▸ DATA EXTRACT
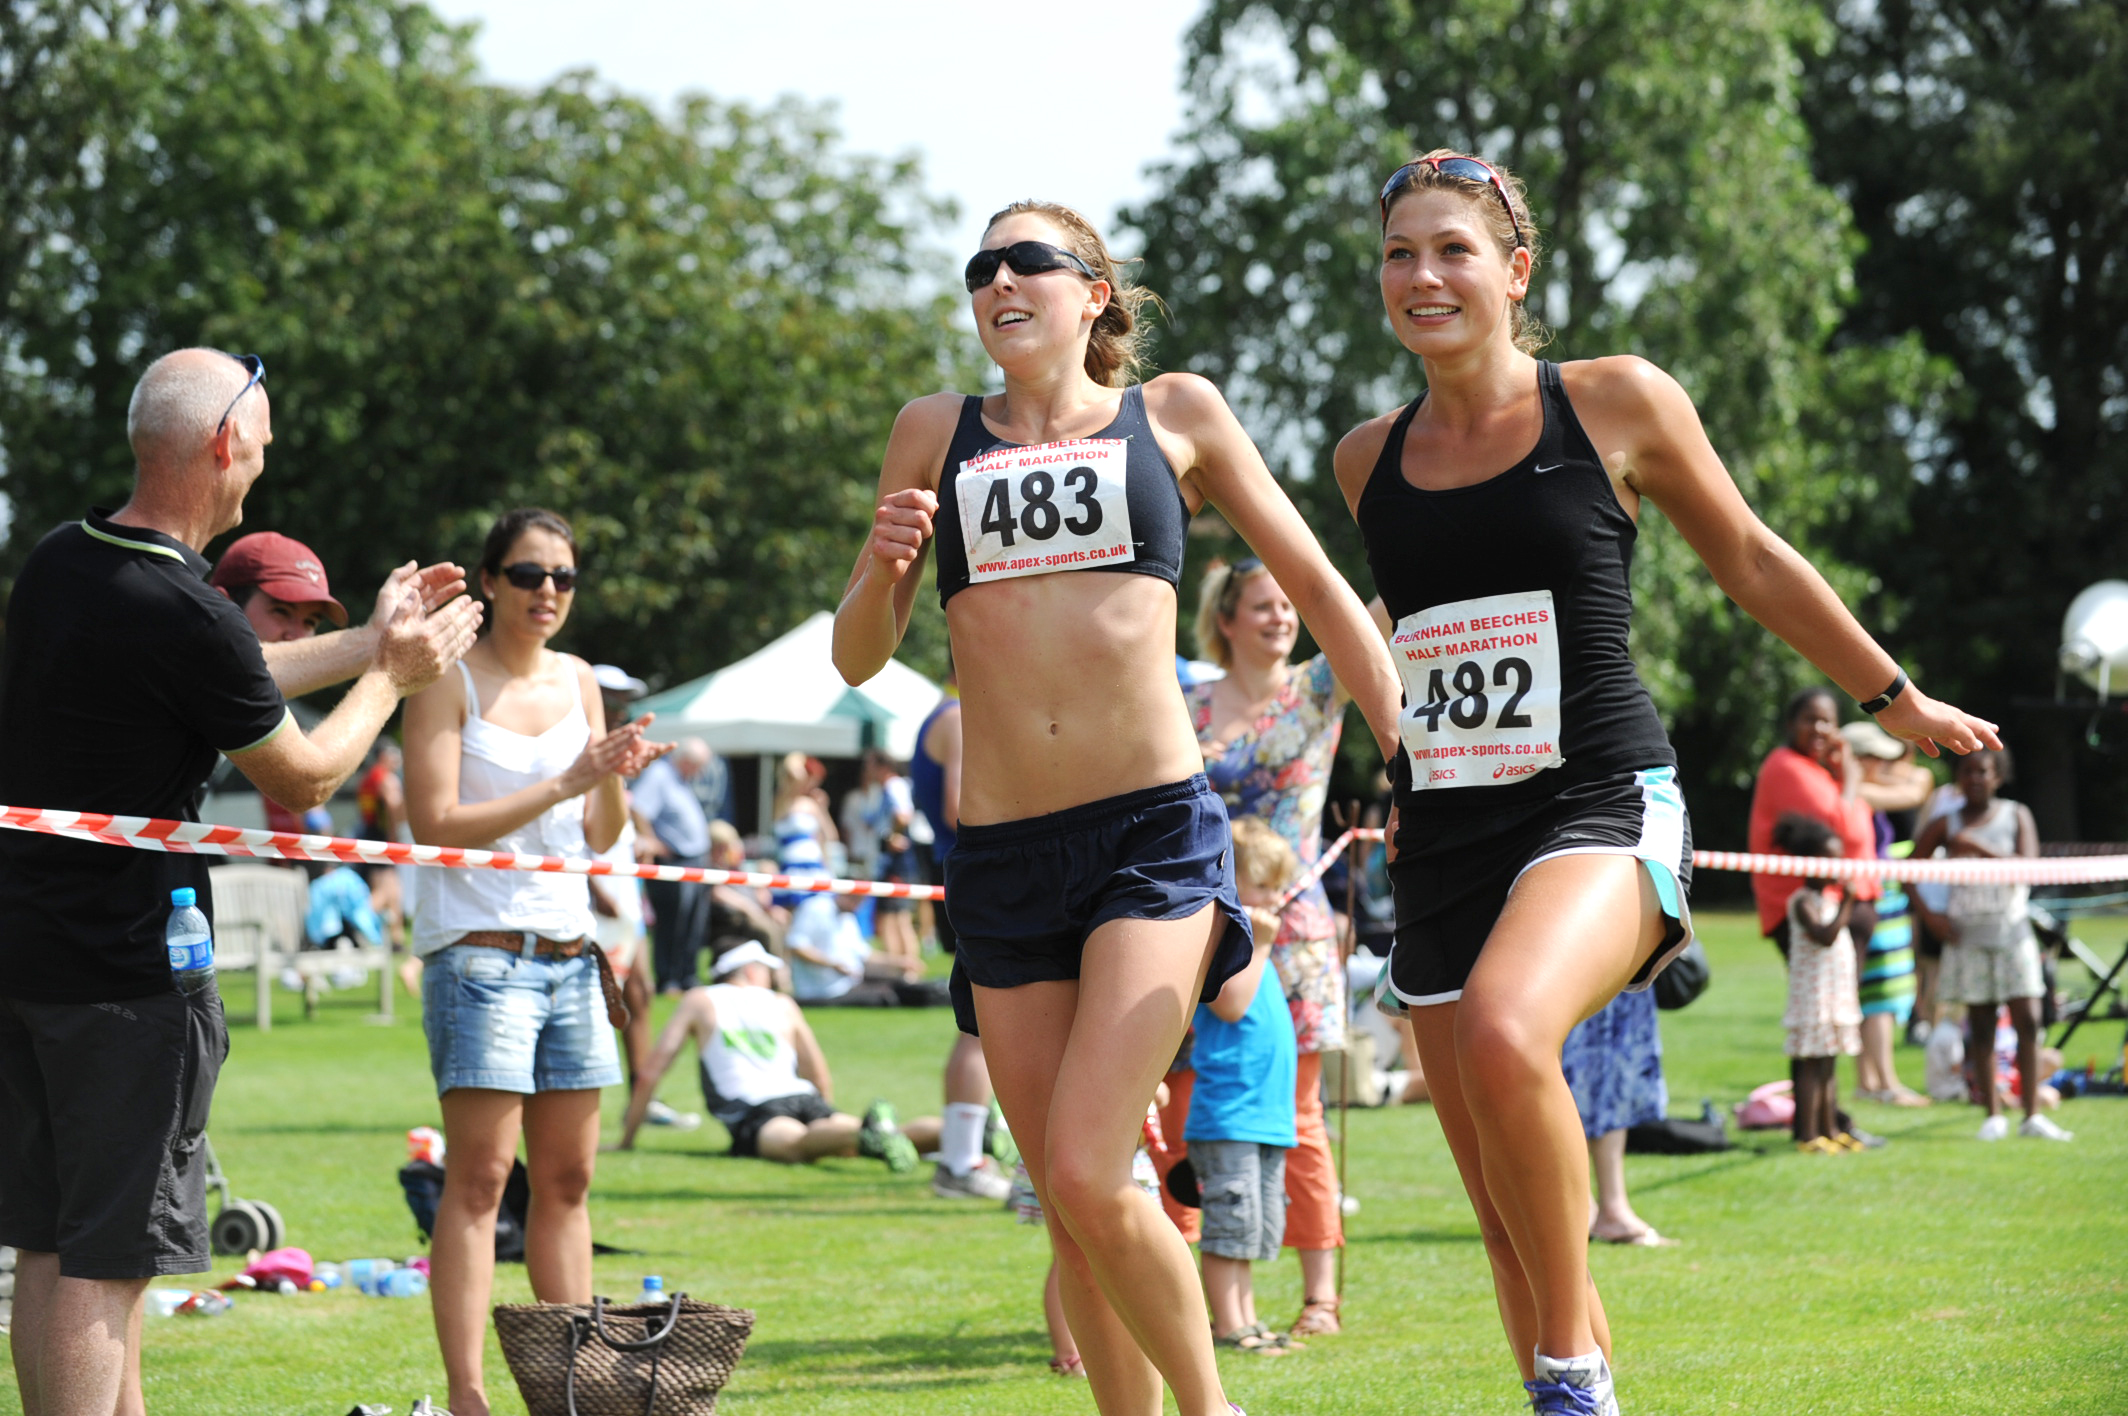 Burnham Beeches Half Marathon
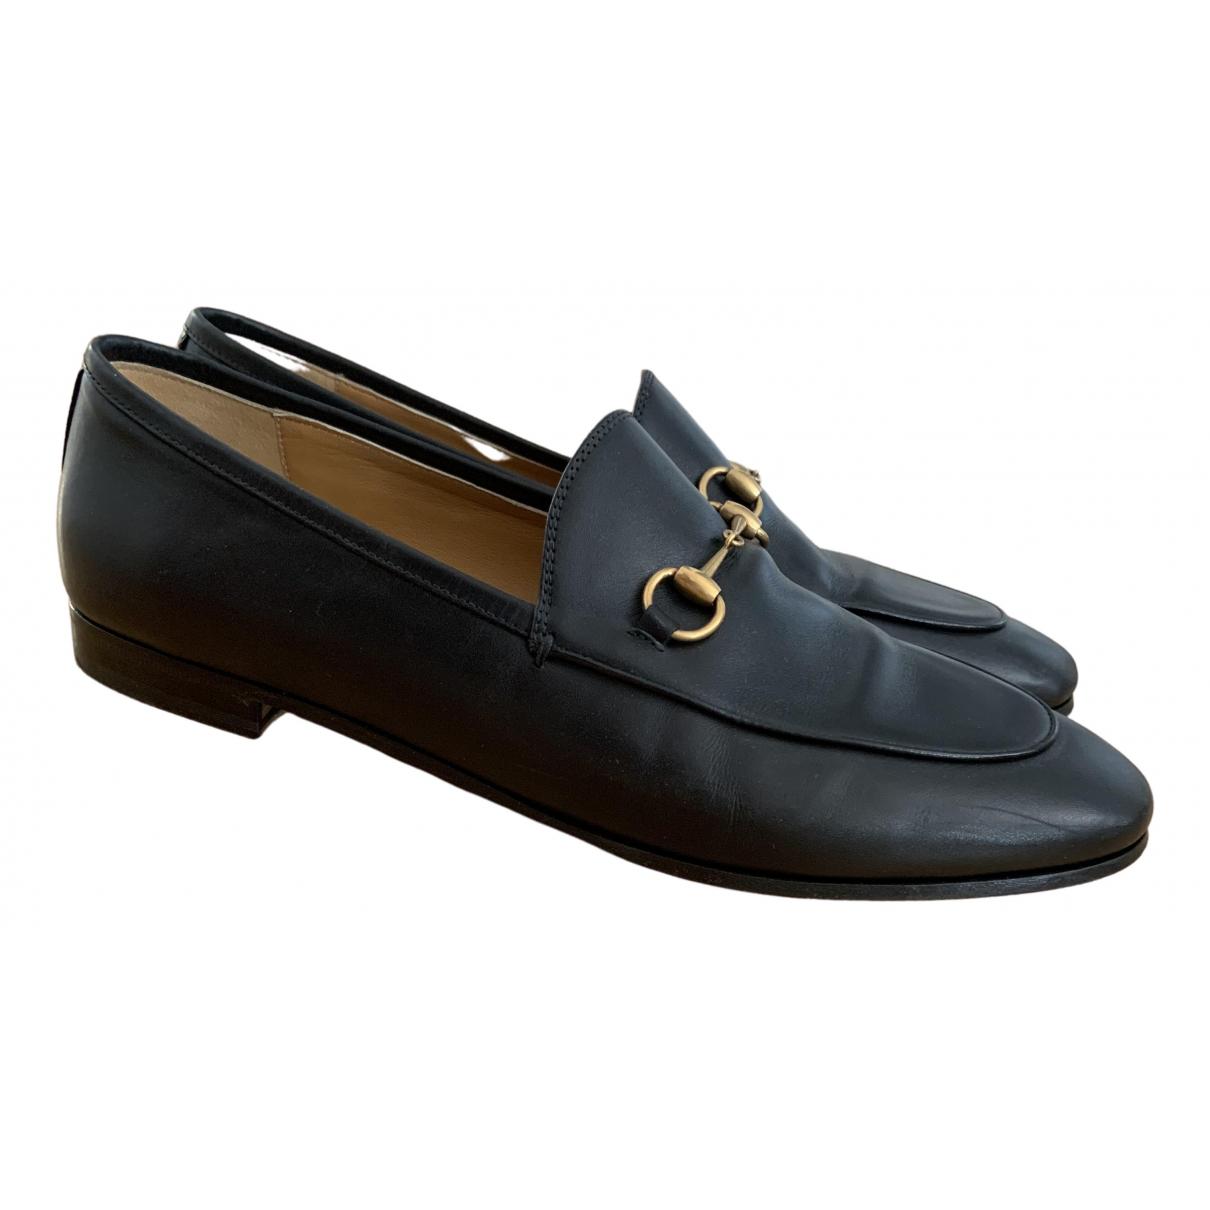 Gucci Jordaan Black Leather Flats for Women 41 IT
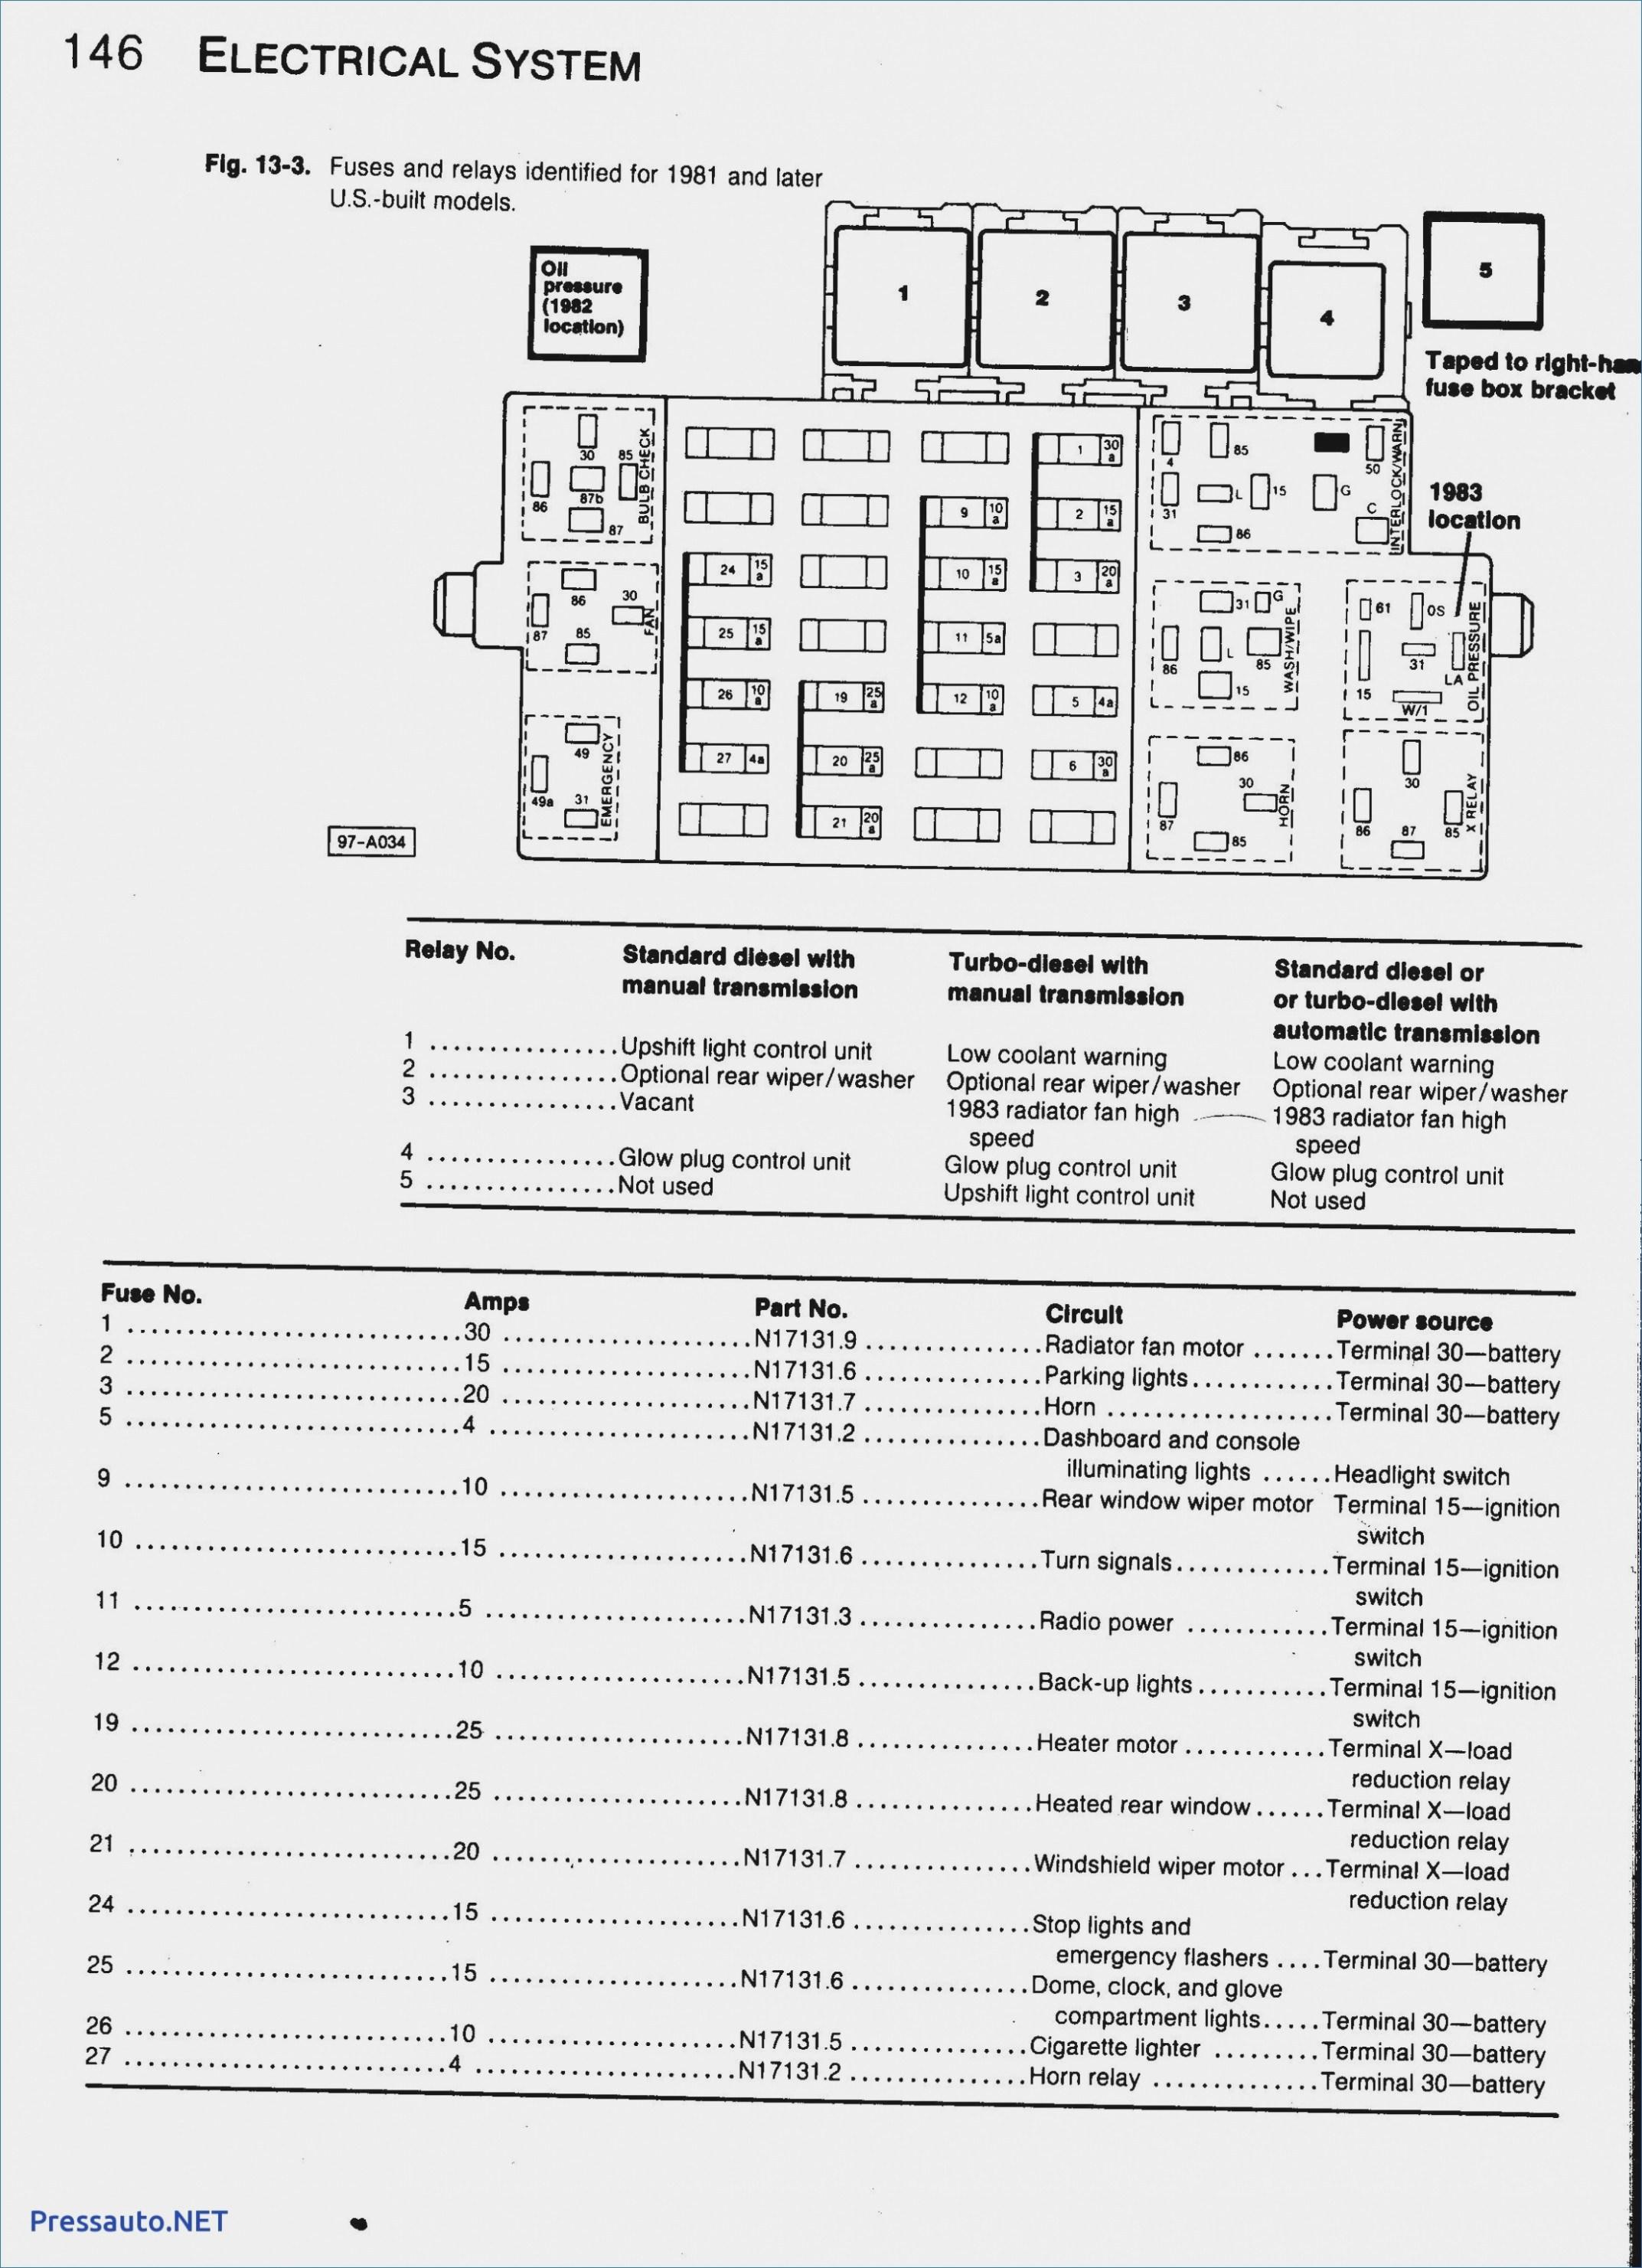 NS_4283] Vw Jetta Wiring Diagram In Addition 1997 Vw Jetta Fuse Diagram OnCosm Wigeg Mohammedshrine Librar Wiring 101

▸ EXERCISE PROMPT
For each line above, output its wording exactly and leave out any picture.

▸ RESPONSE BELOW
 Burnham Beeches Half Marathon
 Gucci Jordaan Black Leather Flats for Women 41 IT
 NS_4283] Vw Jetta Wiring Diagram In Addition 1997 Vw Jetta Fuse Diagram OnCosm Wigeg Mohammedshrine Librar Wiring 101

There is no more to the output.